L’électricité consommée par le Free Go est payée par les propriétaires des locaux qui les abritent. Des contrôles de la température et du contenu sont aussi garantis, pour n’offrir que des denrées toujours consommables. Par exemple, au moment de récupérer des plats cuisinés, les bénévoles et les partenaires veillent au respect de la chaîne du froid pour ne pas abîmer la nourriture.
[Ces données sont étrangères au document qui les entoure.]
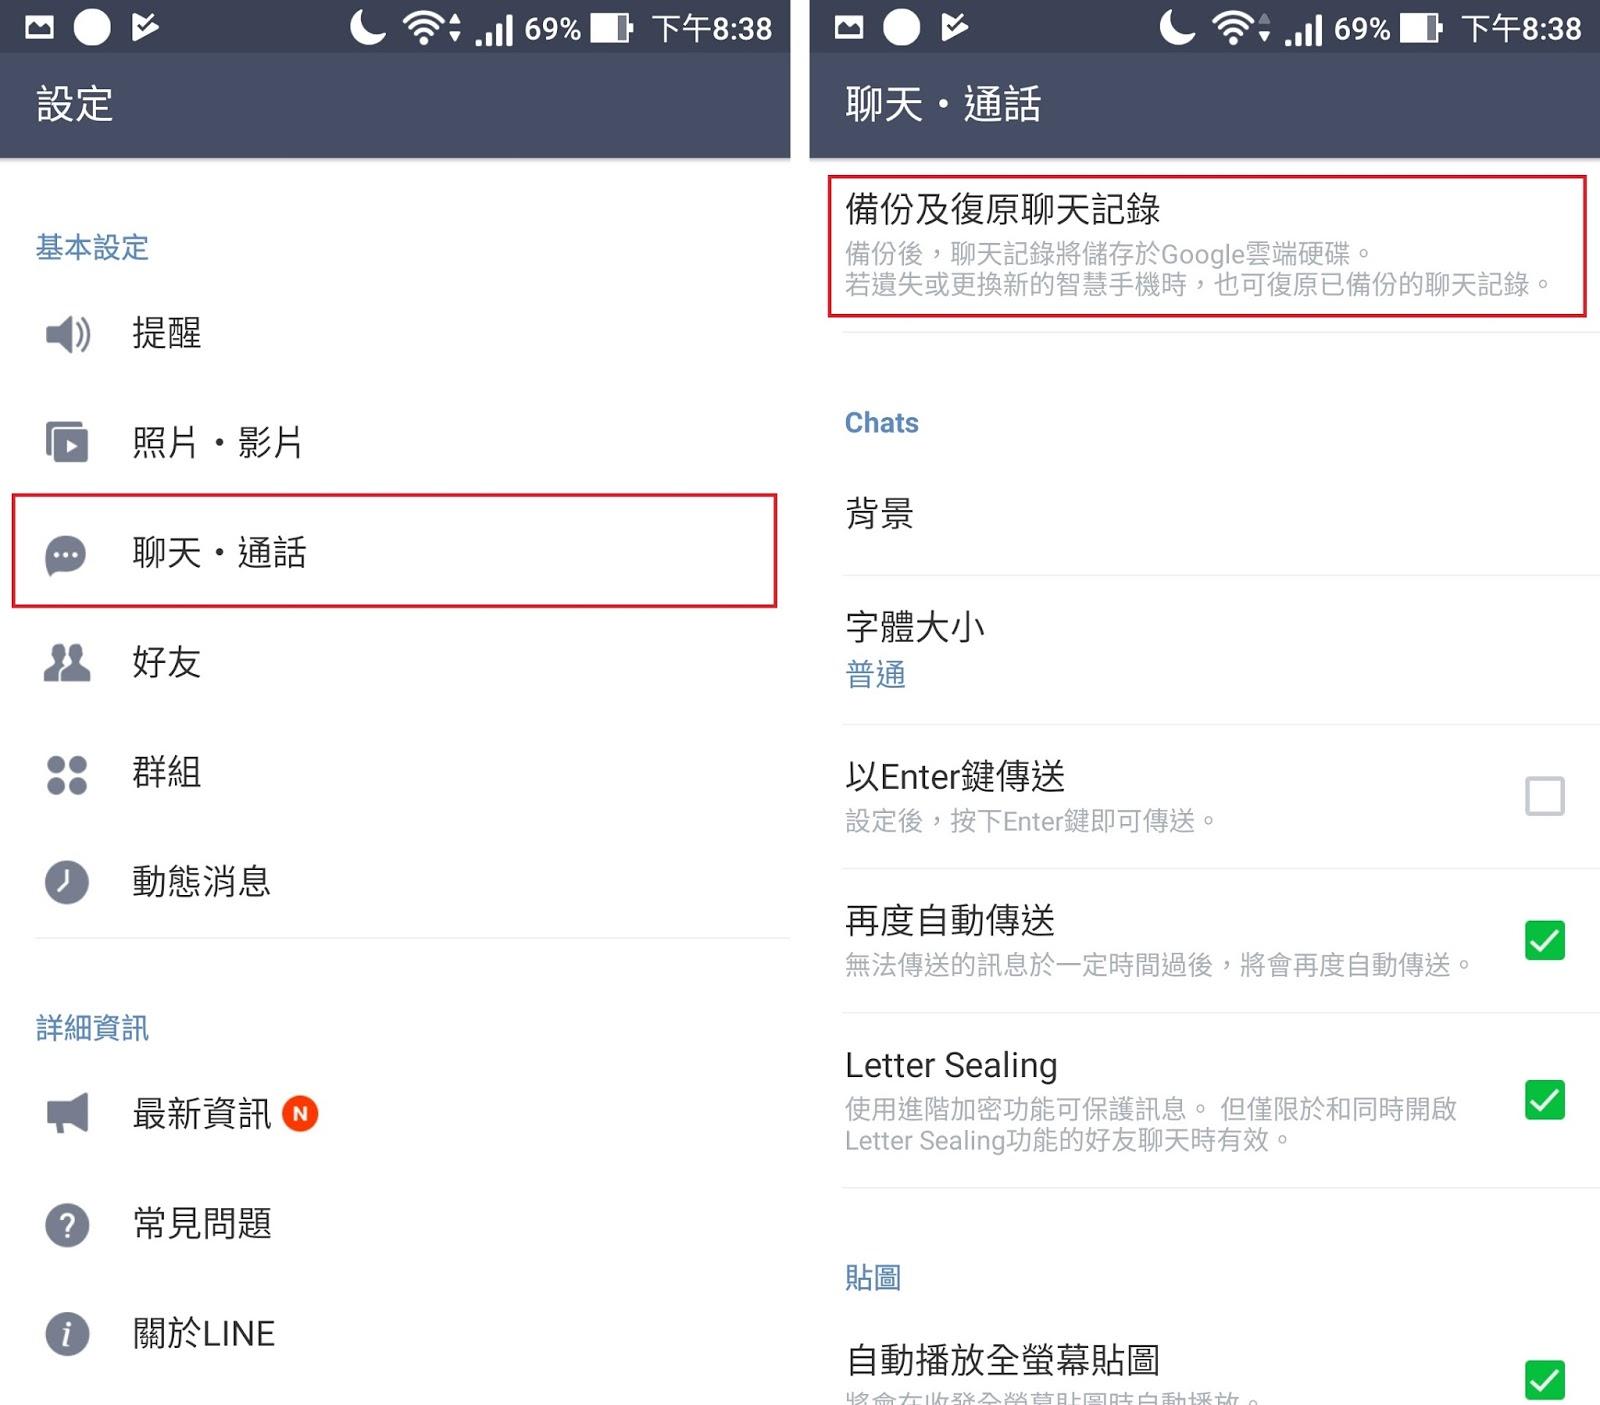 Screenshot 20170531 203821 - [教學] Line 終於開放 Android 使用者「雲端備份」聊天紀錄!趕快來更新吧!

Les Free Gos sont installés dans des endroits discrets, pour ne pas décourager les personnes qui aimeraient venir se servir. Dès que de nouveaux invendus sont placés au frais, une annonce est publiée sur les pages Facebook des lieux où sont installés les réfrigérateurs, et, peu après, tout a trouvé preneur.
Alimentation et pauvreté: une relation compliquée
«La précarité, on l’a vécue et on connaît des gens qui en souffrent. On travaille dans le social donc d’un côté on voit tout ce qu’on jette et de l’autre on est en contact avec ces personnes au quotidien», racontent les fondatrices de l’association. «On reçoit des témoignages de personnes qui nous remercient d’avoir pu préparer un repas grâce à nos invendus. Mais on a de la peine à être fières de cette action, car pour nous ça coule de source.»
Offrir des plats sains et des aliments locaux aux personnes en situation précaire n’est pas anodin. Comme le relèvent les enquêtes sur les revenus et la consommation, en temps de crise, les achats alimentaires offrent une possibilité concrète d’économiser. La Société générale de nutrition prévient cependant: les aliments avantageux ont une forte densité d’énergie, mais une faible densité nutritive. Sans surprise, l’obésité touche les pauvres en premier. La malnutrition au sein de la population à faible revenu inquiète d’ailleurs l’Organisation mondiale de la santé, qui a déjà tiré la sonnette d’alarme.
Trop de produits consommables sont jetés
Chaque année, la Suisse produit 2,6 millions de tonnes de déchets alimentaires. Selon l’Office fédéral de l’environnement, deux tiers de ce gaspillage pourraient être évitésLien externe, puisqu’il s’agit d’aliments encore consommables au moment d’être jetés. Les ménages, la restauration et les commerces sont responsables de 54% de ces pertes. C’est auprès d’eux que se fournit l’association Free Go. Elle a réussi à convaincre neuf partenaires locaux de lui céder ses invendus: les plats cuisinés proviennent d’une cuisine communale, alors que le pain et les légumes sont récupérés dans des commerces de la région.
Plusieurs autres initiatives pour contrer le gaspillage alimentaire ont été mises en place en Suisse. Le pays s’est engagé à réduire considérablement les pertes alimentaires, dans le cadre de l’Agenda 2030 élaboré par l’ONU. Contrairement à «Too Good to Go» qui propose d’acheter les invendus à prix réduit et aux Épiceries Caritas, pour se servir du Free Go, il ne faut ni carte de membre ni carte de crédit.
Les frigos en libre accès semblent un moyen démocratique et accessible pour lutter contre le gaspillage alimentaire, au point qu’ils fleurissent un peu partout dans le pays. En Suisse alémanique, c’est l’association Restessbar.chLien externe qui a lancé le concept, alors que plusieurs villes en Suisse romande réfléchissent à installer le leur.
À peine soufflé sa première bougie, l’association Free Go a lancé une récolte de fonds qui financera l’achat d’une cellule de refroidissement. «Cela va nous permettre de récupérer plus de repas chauds auprès des crèches et des EMS par exemple», explique Marilyn Béguin. De quoi réjouir Lilian et les autres personnes qui comptent sur ces invendus.